The skies have been full of many different sorts of clouds lately. The other morning I watched them just brushing across the blue like wisps of smoke.
Clouds of Spring
I’ve never seen the clouds so soft before–
A rose haze floating in a tender, middle
morning blue. But there they are, a score
In smoke-puff pink that read the ancient riddle
Of mid-March: the rain, the dry and brittle
Winds that blow a storm through and then slip
Away to leave the morning just a little
Dew upon the roof. And the dew’s drip
Becomes a language as the seasons skip
Between the warm and chill, between the weeping
Fog and warrior Sun. We take a sip
Of summer; in its swirl we taste the sleeping
Snows above us. Spring is clouds of rose
On winds that smell of flowers and of snows.
As spring moves along, I notice Orion setting far earlier and Scorpio beginning to appear before sunrise. Once again the year cycles along its ancient courses.
Orion
Orion, Orion,
Far in the western sky,
You follow the night:
With the night you fly.
You follow the moon:
Like the moon you die.
And yet you’ll return:
You live longer than I.
Greet the far side of the year:
Let us not say good-bye.
Christine, I've been reading Malcolm Guite for about ten years, the only contemporary sonneteer I know. And then I found your beautiful work. Wow! I am amazed and impressed and inspired. These are beautiful!

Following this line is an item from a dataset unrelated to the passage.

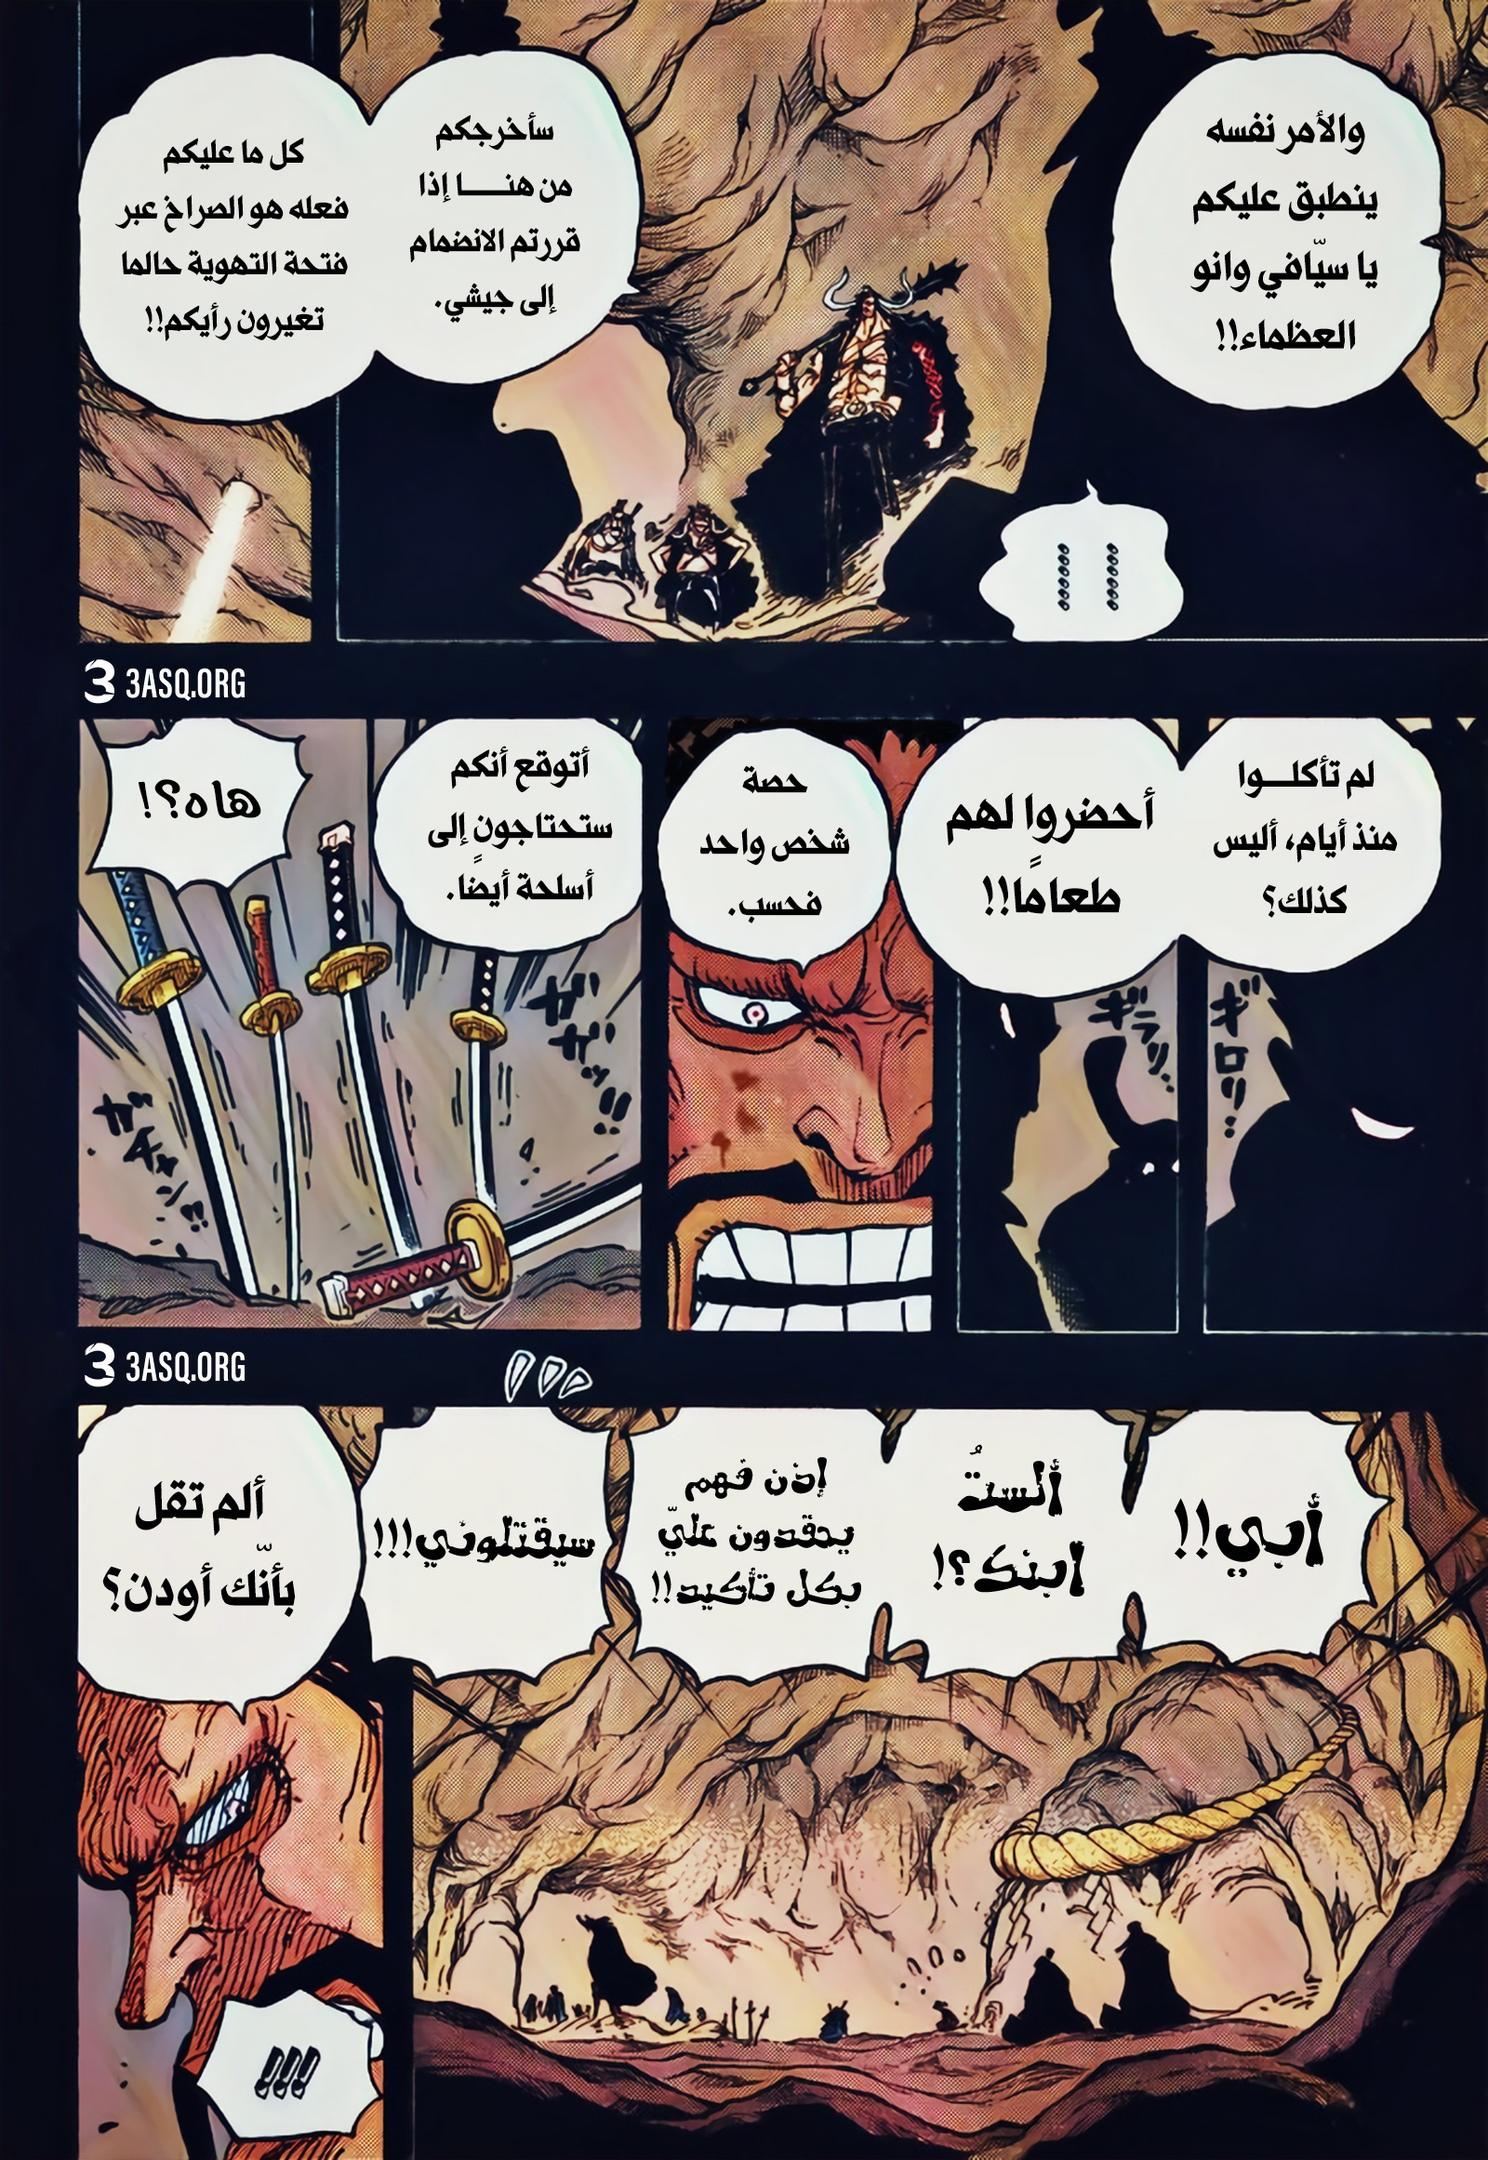 One Piece Arab 1024, image №20

Such an extraordinary sonnet! The poem-constructer in me relishes your fearless choice of rhyming sounds (drip!!!); the poem-reader in me is captivated by the clear and beautiful way you show us the clouds linking spring to the winter that was and the summer that's coming. So lovely. The salute to Orion is spare and handsome as the Hunter is; I hope he salutes you back from the night sky.